Gut möglich sogar, dass die blitzgescheiten Dialoge und die «Habe ich das jetzt wirklich verstanden? Hat sie:er das tatsächlich SO gesagt?»-Momente die Serie sogar als Hörspiel funktionieren lassen würden. Trotzdem ginge so natürlich einiges verloren.
So findet man Kendall Roys Rap, den er «zu Ehren» (?!?!?) des 50. Dienstjubiläums seines Vater performt, mittlerweile auch auf Spotify, aber halt ohne die betretenen «WTF?»-Gesichtsausdrücke aller Zuschauenden. («It's burning my eyes, but I cannot look away!»)
3. Jede:r hintergeht jede:n
«Succession» ist ein fortlaufendes Schachspiel mehrerer Grossmeister:innen. Doch das finale Ziel, die Unternehmensleitung von «Waystar RoyCo», kommt nur in realistische Reichweite, wenn man auf dem Weg dorthin die eine oder andere Zusammenarbeit eingeht – nur um seine:n Partner:in im nächsten Augenblick wieder in den Rücken zu fallen.
Auch das ist eigentlich nichts Neues. Doch «Succession» hat diese permanenten Rochaden derart gut im Griff, dass selbst die:der erfahrenste Serienzuschauer:in nicht einschätzen kann, wo jetzt ein Fünkchen echter Familienzusammenhalt mitspielt, und wo das nächste Täuschungsmanöver dahintersteckt.
«Succession» lebt davon, dass sein fantastisches Ensemble in dauernd wechselnden Allianzen ständig überraschende Wendungen präsentiert, die zum Teil mehrmals innerhalb der gleichen Episode den Status Quo der Serie auf den Kopf stellen.
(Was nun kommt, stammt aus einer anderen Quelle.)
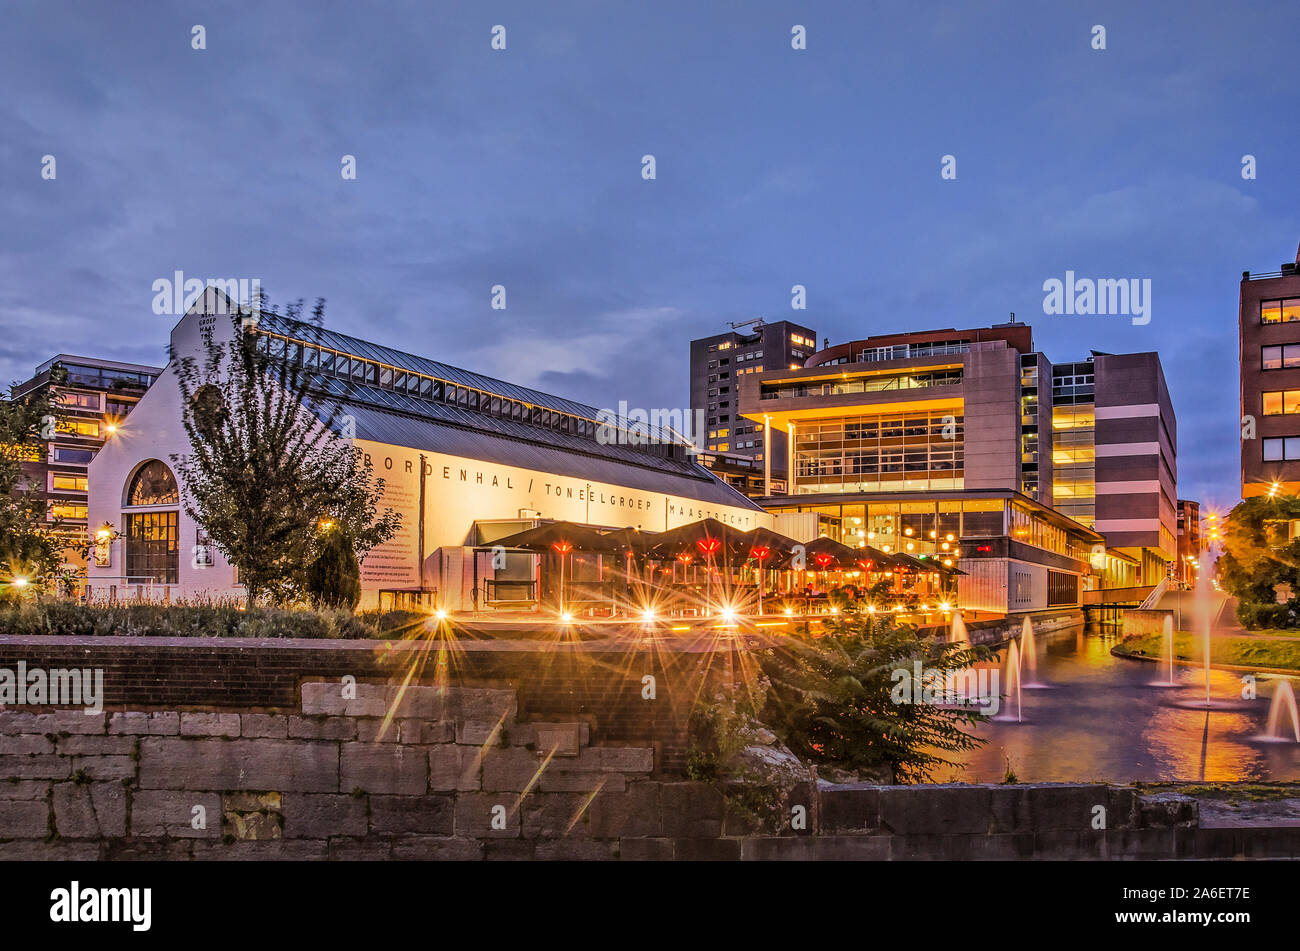 Maastricht, The Netherlands, september 7, 2019: blue hour view of the Bordenhal, a former crockery factory building now in use as a theatre and cafe Stock Photo

Und immer dann, wenn man meint, dass jemand endgültig Schachmatt gesetzt wurde... stellt sich heraus, dass wir eigentlich die längste Zeit Uno gespielt haben. Und alles beginnt wieder von vorne.
4. Das Sahnehäubchen: die Gaststars
Brian Cox, Kieran Culkin, Matthew Macfadyen, Jeremy Strong, Sarah Snook: Schauspieler:innen, die uns in anderen Filmen und Serien immer mal wieder begegnen. Trotzdem sind es nicht die grossen Hollywood-Stars, welche hier zu Höchstform auflaufen.
Und falls es dann doch eine zusätzliche Prise Salz braucht, weiss sich die Serie ebenfalls zu helfen – mit neuen, klingenden Namen, die für Gastauftritte aus dem Hut gezaubert werden. Wer es bis zur zweiten Staffel schafft, kommt dort beispielsweise in den Genuss von Oscar-Gewinnerin Holly Hunter.
Und für die soeben gestartete dritte Staffel dürfen wir uns auf Adrien Brody und Alexander Skarsgård freuen. Langweilig wird es also garantiert nicht.